─── Collected material ───

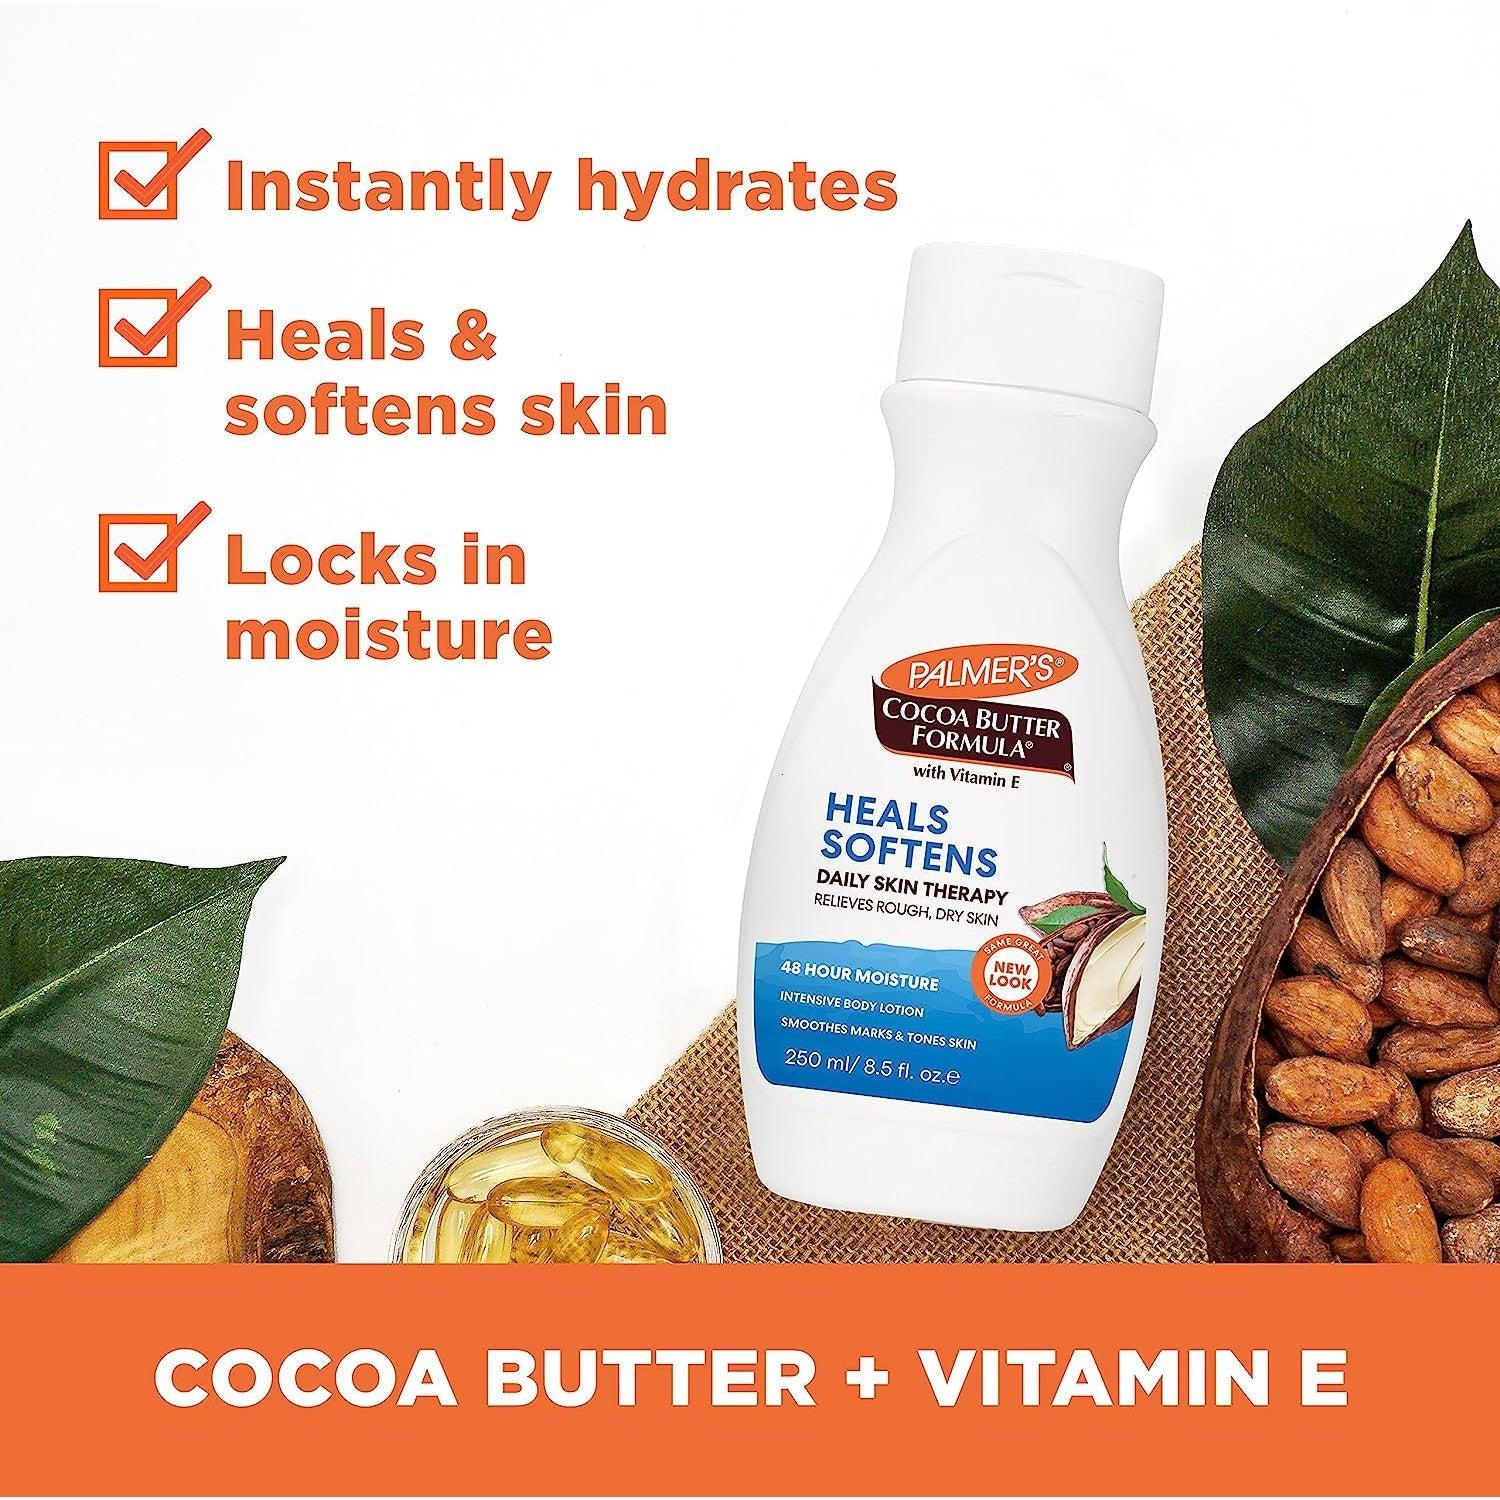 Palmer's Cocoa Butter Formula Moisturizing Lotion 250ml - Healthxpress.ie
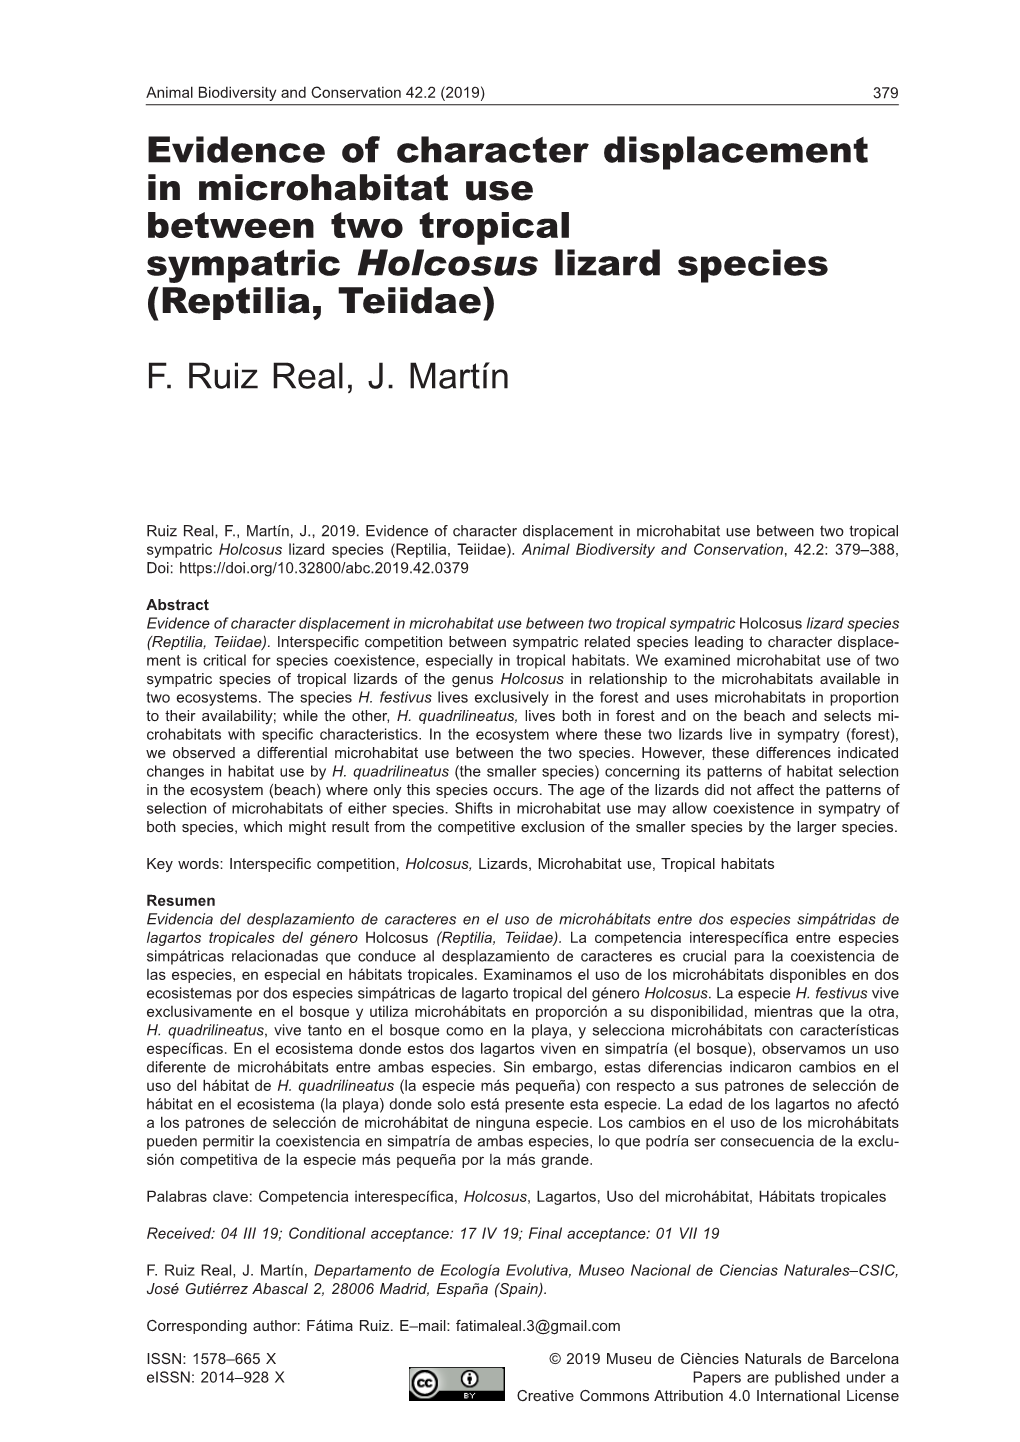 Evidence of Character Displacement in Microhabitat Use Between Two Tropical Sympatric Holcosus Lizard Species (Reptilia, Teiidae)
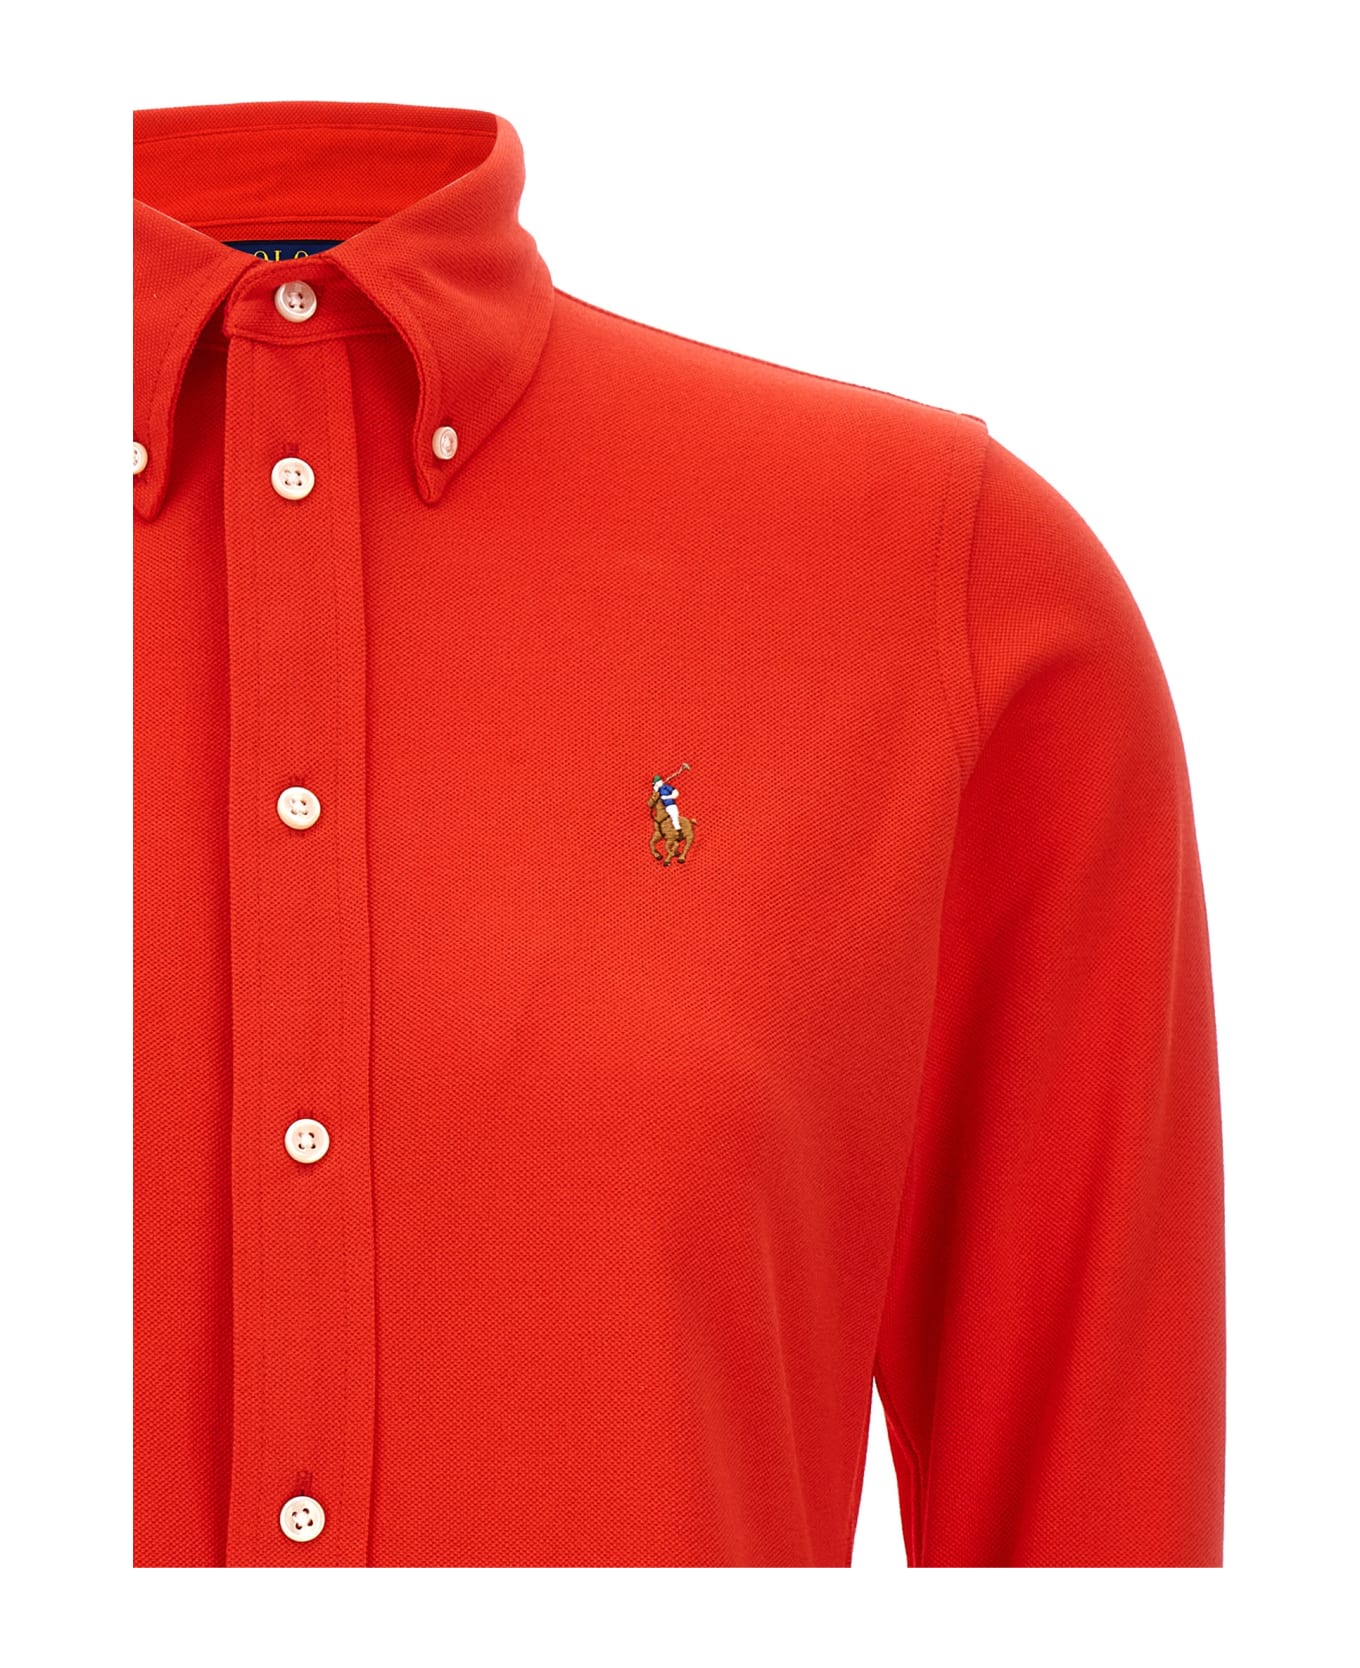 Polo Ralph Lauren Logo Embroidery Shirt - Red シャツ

───

_What you need to do_: Repeat the listing above exactly, omitting the pictures it contains.

_Solution for this problem_:
 Palmer's Cocoa Butter Formula Moisturizing Lotion 250ml - Healthxpress.ie
 Evidence of Character Displacement in Microhabitat Use Between Two Tropical Sympatric Holcosus Lizard Species (Reptilia, Teiidae)
 Polo Ralph Lauren Logo Embroidery Shirt - Red シャツ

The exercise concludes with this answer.